_DATASET CONTENT_:
<<<<
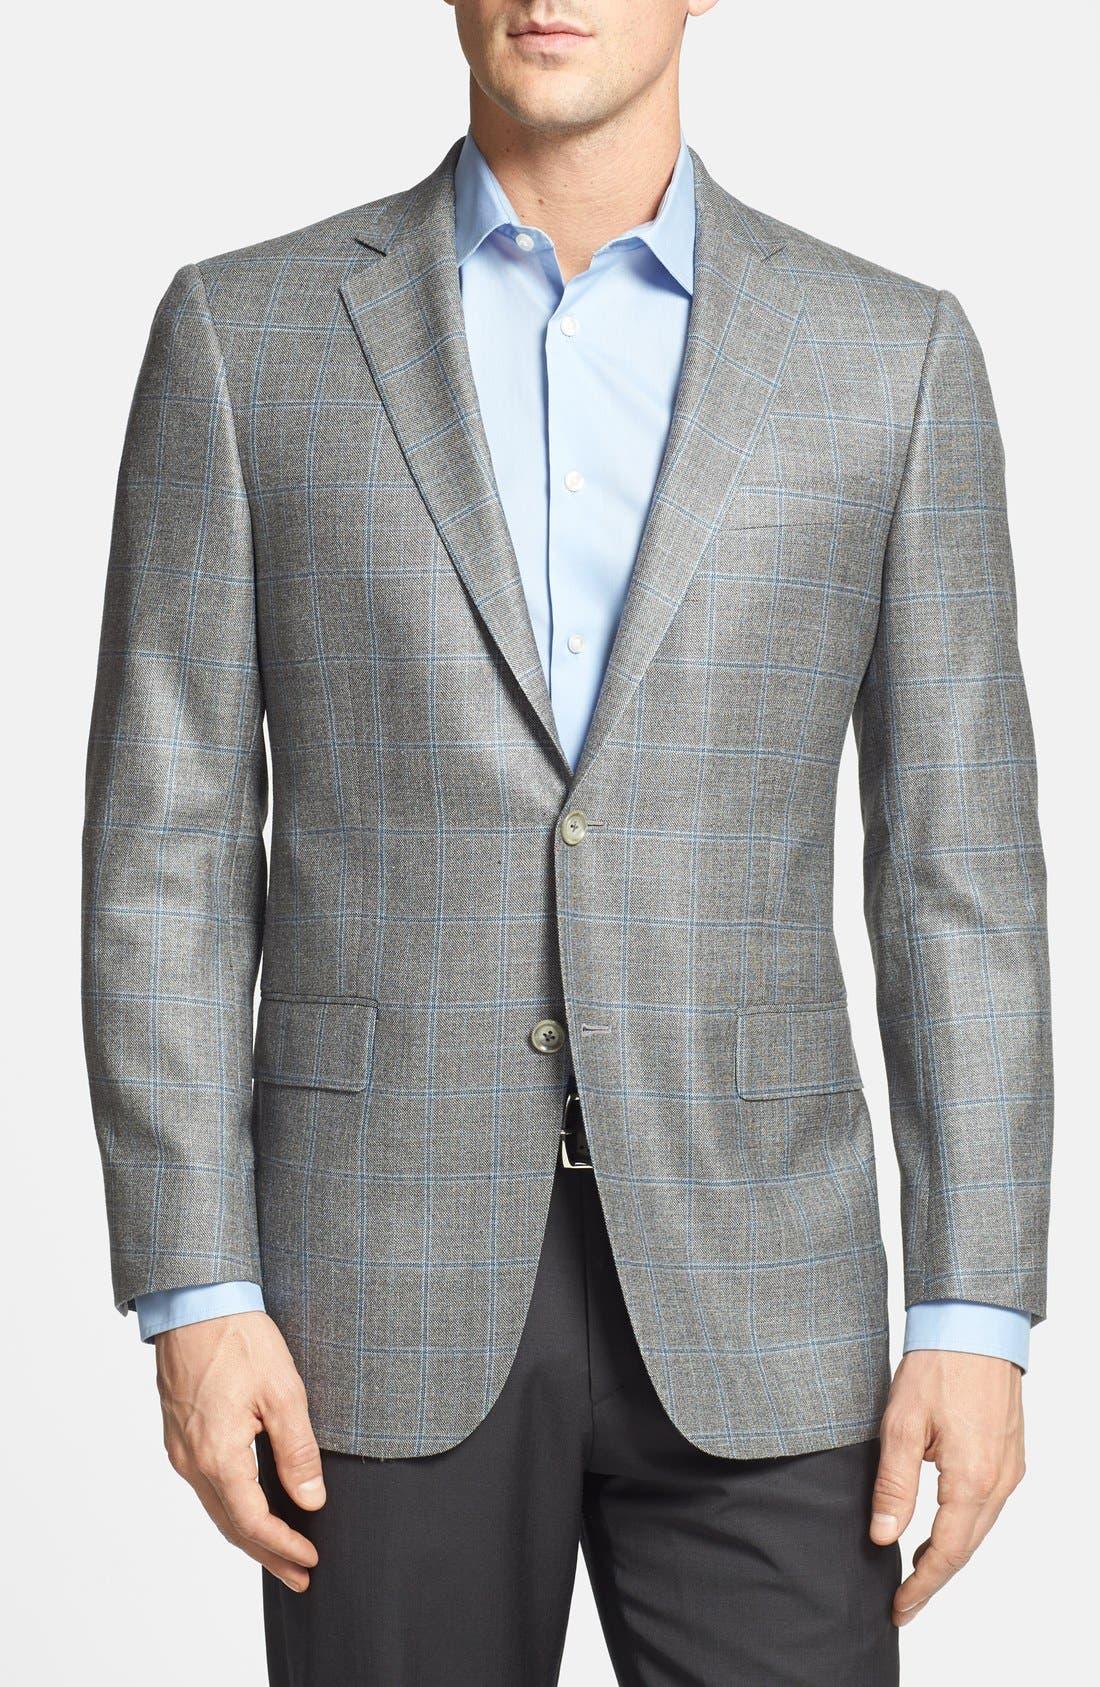 Alternate Image 1 Selected - Hart Schaffner Marx 'New York' Classic Fit Windowpane Sportcoat
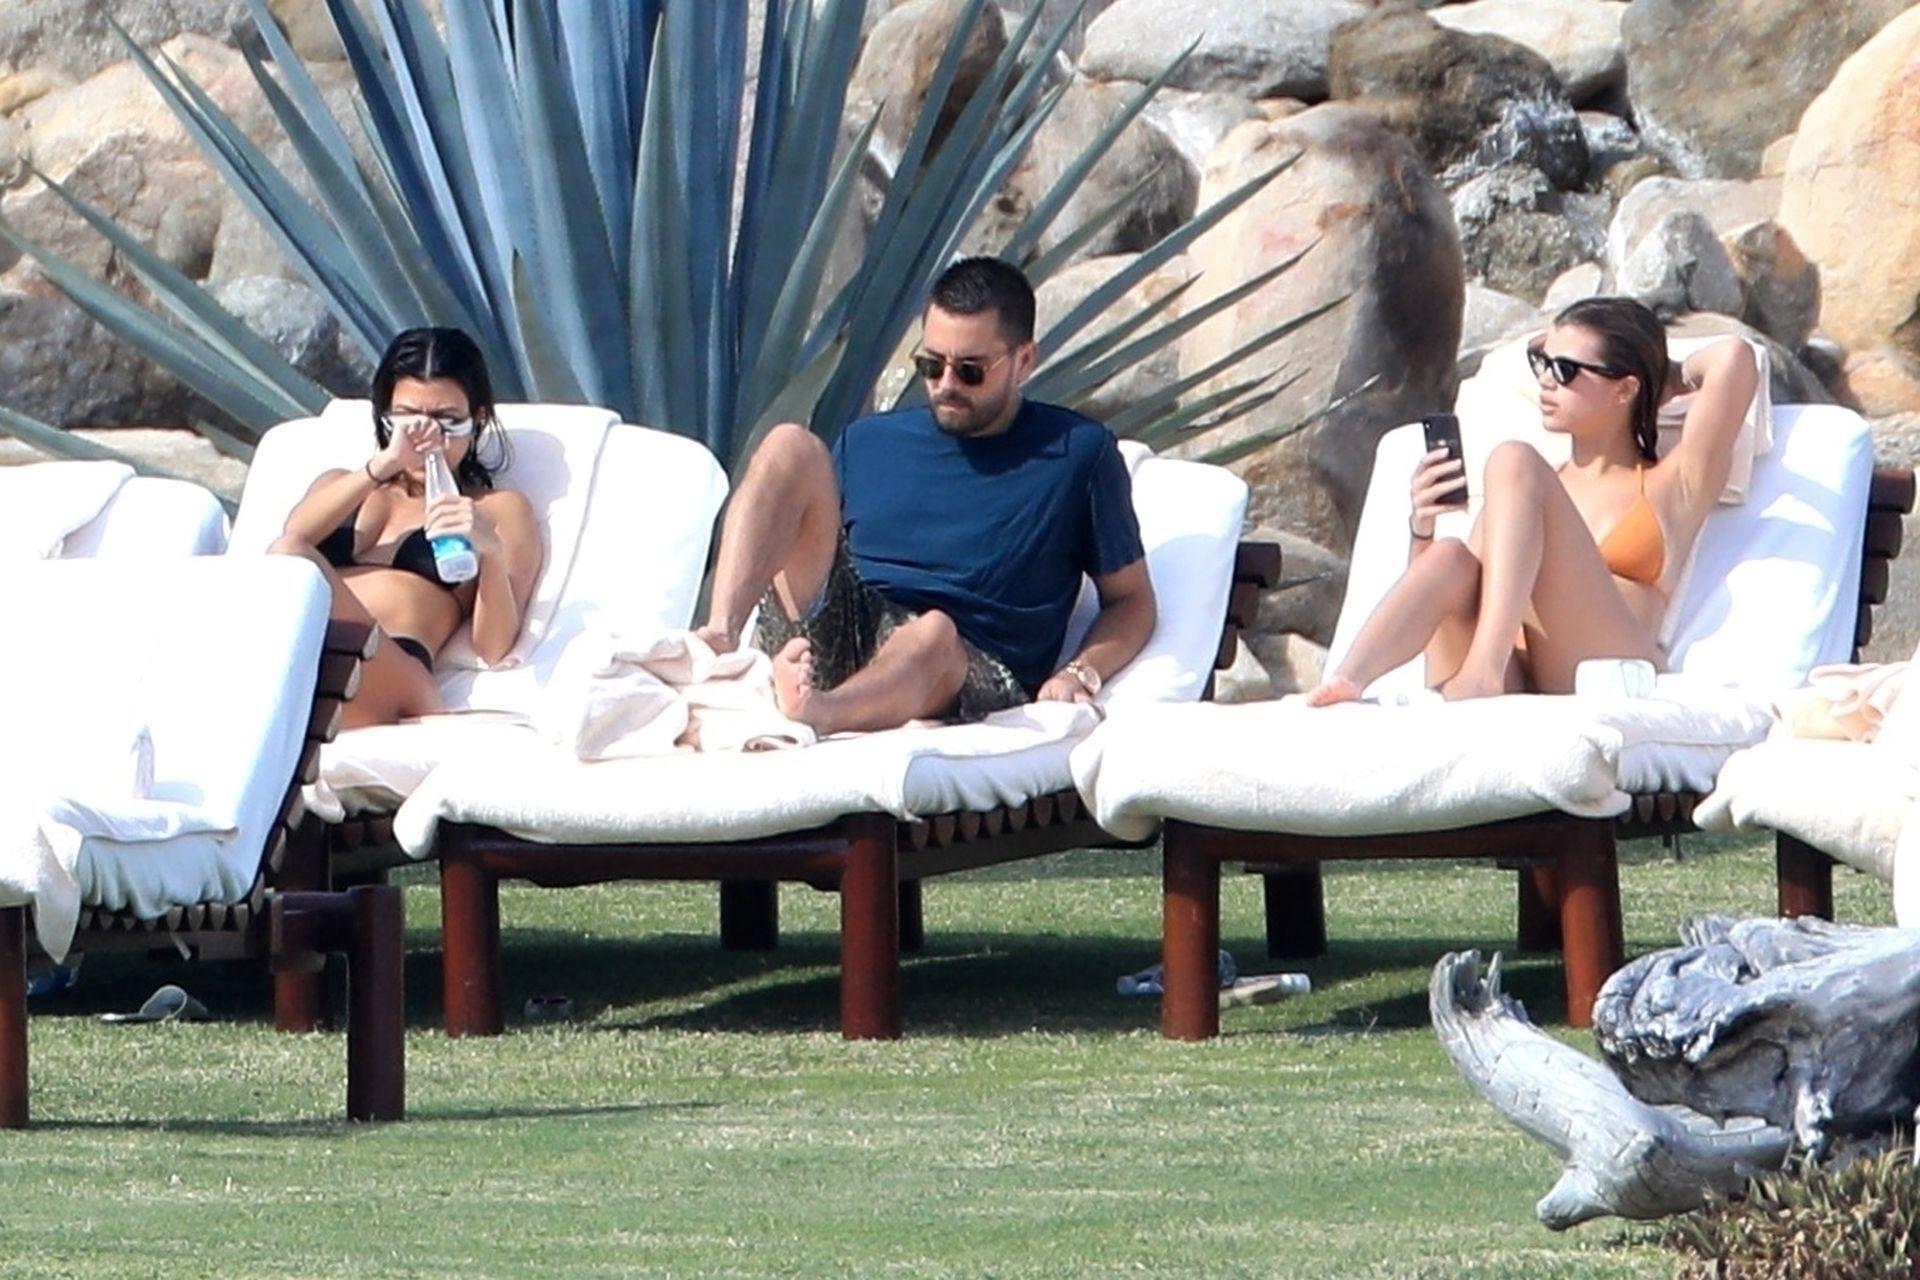 *PREMIUM-EXCLUSIVE* Three's Company for Kourtney Kardashian, Scott Disick and Sofia Richie**WEB EMBARGO UNTIL DECEMBER 24, 2018 at 11:00 AM PST** Scott Disick, Kourtney Kardashian, Sofia Richie
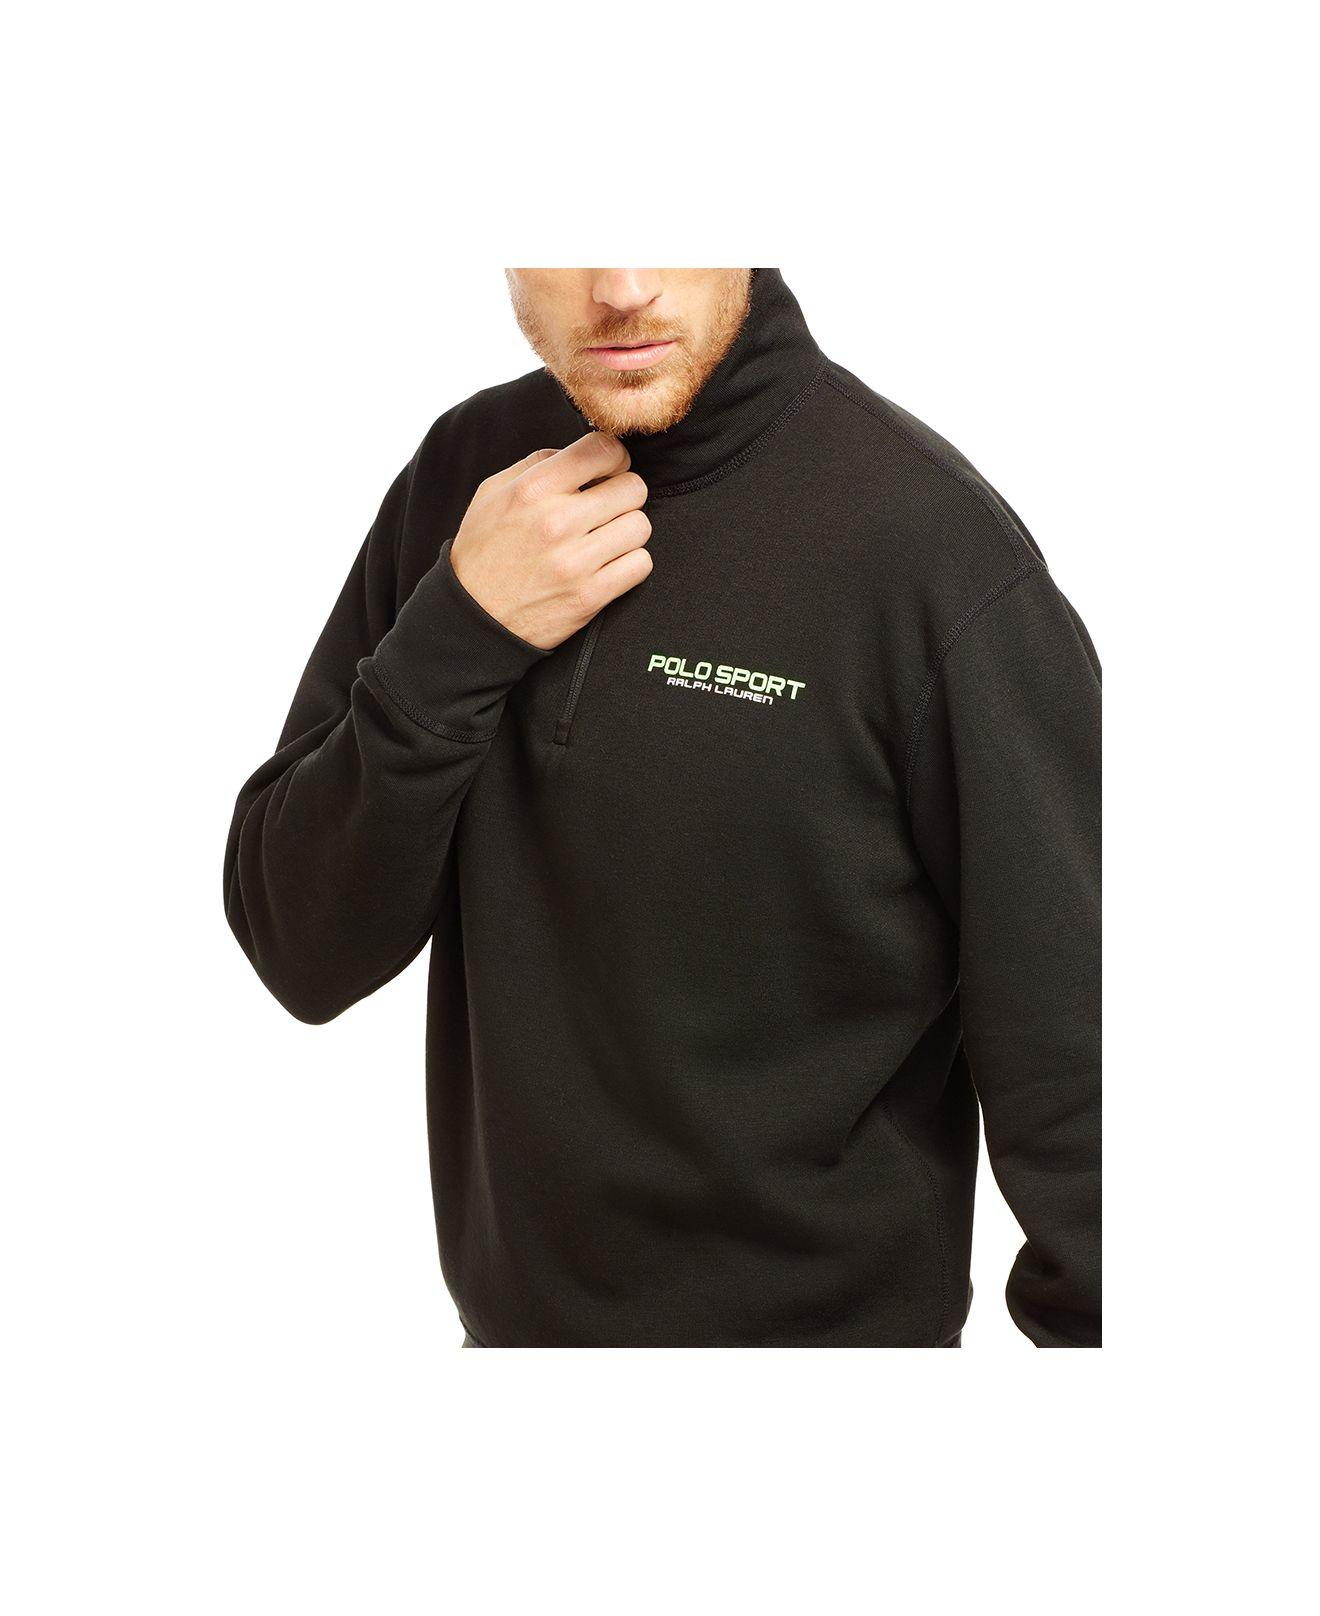 polo ralph lauren polo sport fleece half zip pullover in black for men polo black lyst. Black Bedroom Furniture Sets. Home Design Ideas
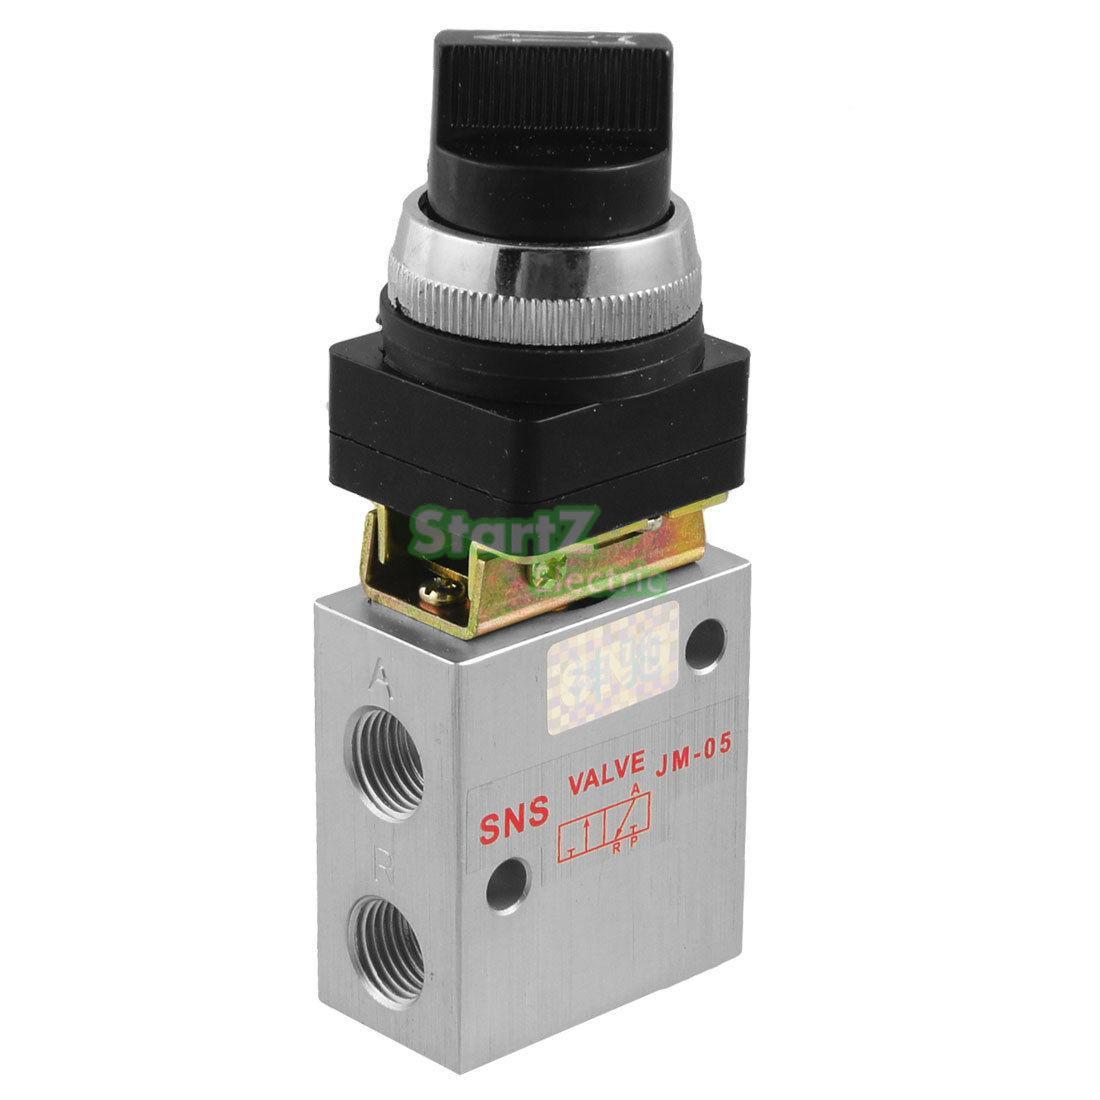 Pneumatic switch JM-05 2 Position 3 Way Selective Knob Type Mechanical ValvePneumatic switch JM-05 2 Position 3 Way Selective Knob Type Mechanical Valve
>>>>
_EXERCISE DETAILS_: Leaving out each picture, repeat exactly the lines above from the one that contains "Kardashian, Sofia Richie" through the one that contains "polo ralph lauren".

_EXERCISE RESPONSE_:
 *PREMIUM-EXCLUSIVE* Three's Company for Kourtney Kardashian, Scott Disick and Sofia Richie**WEB EMBARGO UNTIL DECEMBER 24, 2018 at 11:00 AM PST** Scott Disick, Kourtney Kardashian, Sofia Richie
 polo ralph lauren polo sport fleece half zip pullover in black for men polo black lyst. Black Bedroom Furniture Sets. Home Design Ideas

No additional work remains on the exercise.